On Thursday, January 22, the Republican controlled US House of Representatives did not vote on the Pain-Capable Unborn Child Protection Act. The House had been expected to pass the Pro-Life legislation to coincide with Thursday’s national March for Life. The House did, however, vote to end taxpayer support for abortion.

The National Right to Life Committee (NRLC) President Carol Tobias said in a written statement, “The House of Representatives did not pass the Pain-Capable Unborn Child Protection Act this week because certain lawmakers who voted for the same language in 2013, and who had promised their pro-life constituents that they would do so again, instead worked to weaken the bill or to prevent it from coming to the floor.”

President Tobias continued, “While we are profoundly disappointed that the vote on the bill was delayed, we much prefer delaying the vote to passing a greatly weakened bill.
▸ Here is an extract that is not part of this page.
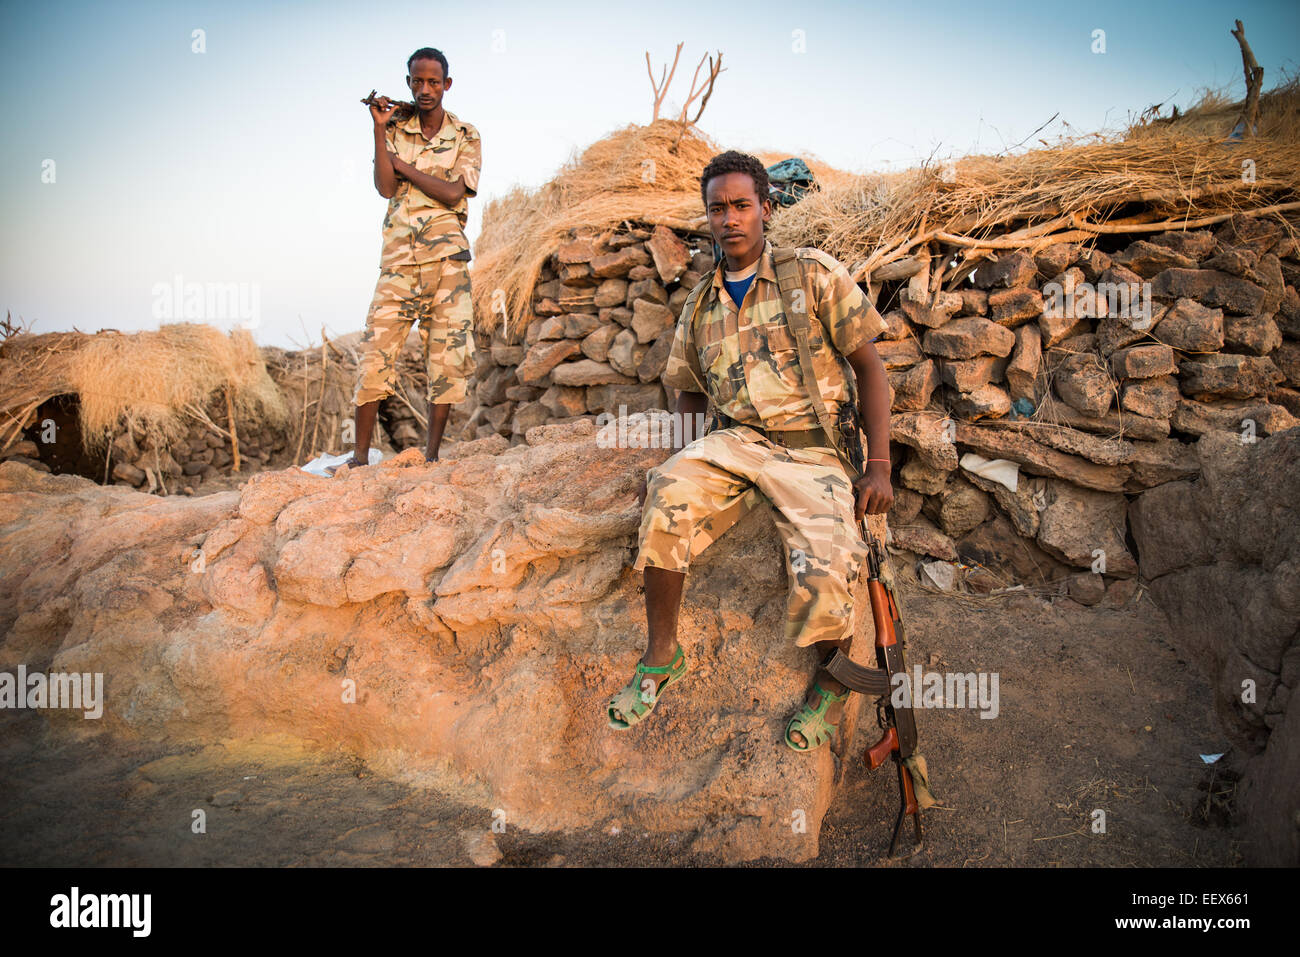 Army men in the village, Danakil depression, Ethiopia, Africa. Stock Photo

We thank the House Republican leadership for quickly facilitating passage of the No Taxpayer Funding for Abortion Act (H.R. 7) which is another National Right to Life legislative priority.” The House passed H.R. 7 today by a vote of 242-179.”

Tobias said, “Pro-life citizens across the nation are sharply disappointed with those lawmakers who violated commitments to constituents and derailed a bill to protect babies in the sixth month and later, a bill with broad popular support. In some cases these actions were apparently dictated mainly by inordinate concern with political correctness and garnering favorable coverage from the mainstream news media. Some of these lawmakers may ultimately conclude that they were ill advised to sacrifice the trust of their pro-life constituents so egregiously.”

The operative text of the Pain-Capable Unborn Child Protection Act (H.R. 36) was identical to H.R.1797, which the Republican controlled U.S. House of Representatives passed on June 18, 2013, by a vote of 228-196.

The Pain-Capable Unborn Child Protection Act (H.R. 36) would extend general protection from abortion to unborn children nationwide beginning at 20 weeks fetal age, based on congressional recognition that by this point in development, if not earlier, the unborn child is capable of experiencing pain. H.R. 36 is sponsored by US Representatives Trent Franks (R-Arizona) and Marsha Blackburn (R-Tennessee) and is based on model legislation developed by National Right to Life that has already been enacted in 10 states, including Alabama.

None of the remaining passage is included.